Gavin Lee - 2006-12-16

I'm trying to write a python application that parses the XML output of qstat but i'm getting parse errors on certain servers because of "invalid characters" or "invalid token" inside some tags.

To test i used the "-of" switch of qstat and ran xmlwf on the output files.
I managed to narrow it down to a couple of servers where my app is choking, I get different errors from when using the "-utf8" switch.
The errors i see in my app are the same as the errors in xmlwf, i think that is because they both use expat to parse the xml.

error from xmlwf using "iso-8859-1" on server Q3S 213.219.238.20:30720
qstat.xml:21:30: reference to invalid character number

the element:
<rule name="sv_hostname">-=&#1; www.ROCKETARENA.de &#1;=- RA3-Server</rule>

error from xmlwf using same server but in "utf8":
qstat.xml:5:10: not well-formed (invalid token)
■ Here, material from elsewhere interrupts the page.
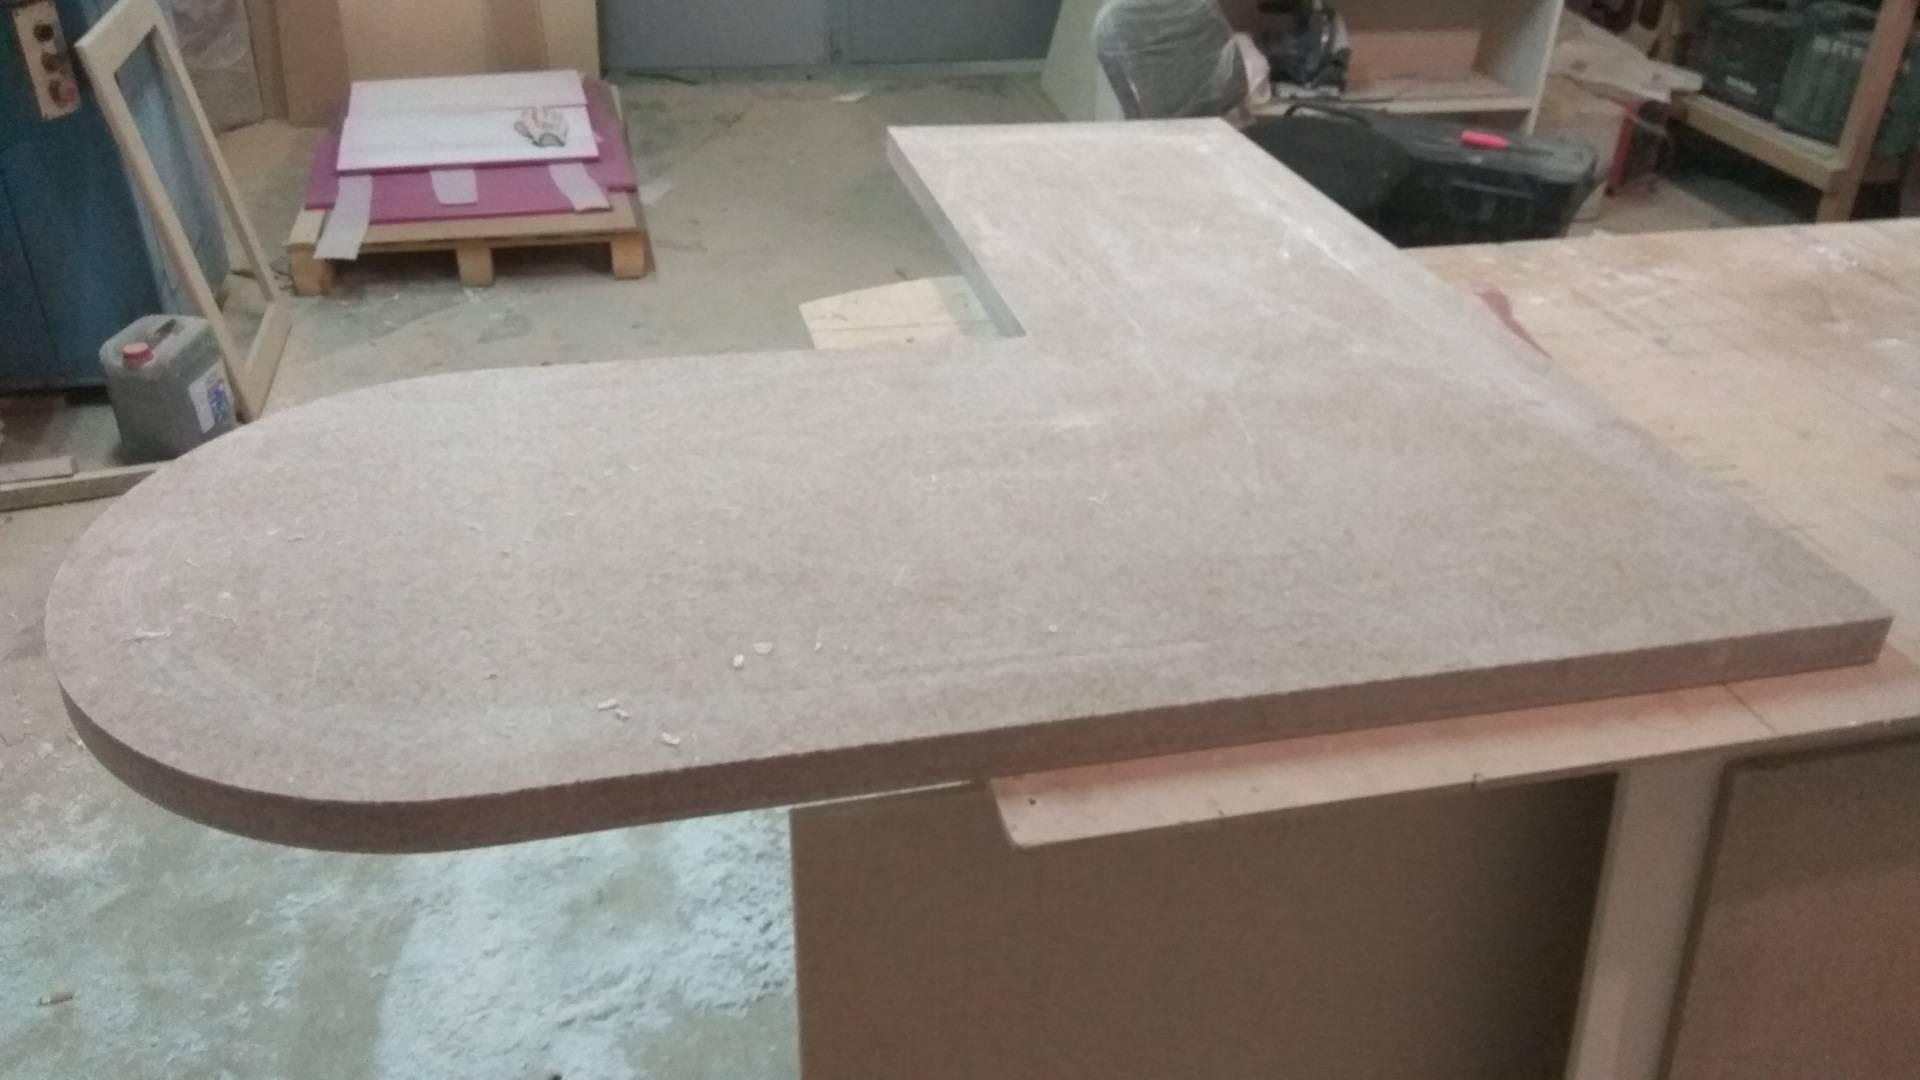 Столешница из камня своими руками - из бетона, кварца, керамической плитки, из акрилового искусственного камня. пошаговое руководство по установке столешницы

this time it's the a different element:
<name>-=^A www.ROCKETARENA.de ^A=- RA3-Server</name>

error from xmlwf using a different server in "iso-8859-1":
qstat.xml:22:29: reference to invalid character number

the element:
<rule name="sv_hostname"> &#2; ^2P^7laneta ^2M^7oscow</rule>

different element again but in "utf8":
<name> ^B ^2P^7laneta ^2M^7oscow</name>

Sorry for the long post but i can't figure out how to work around this in python, Could this be a bug in qstat xml output?

Best regards
Gavin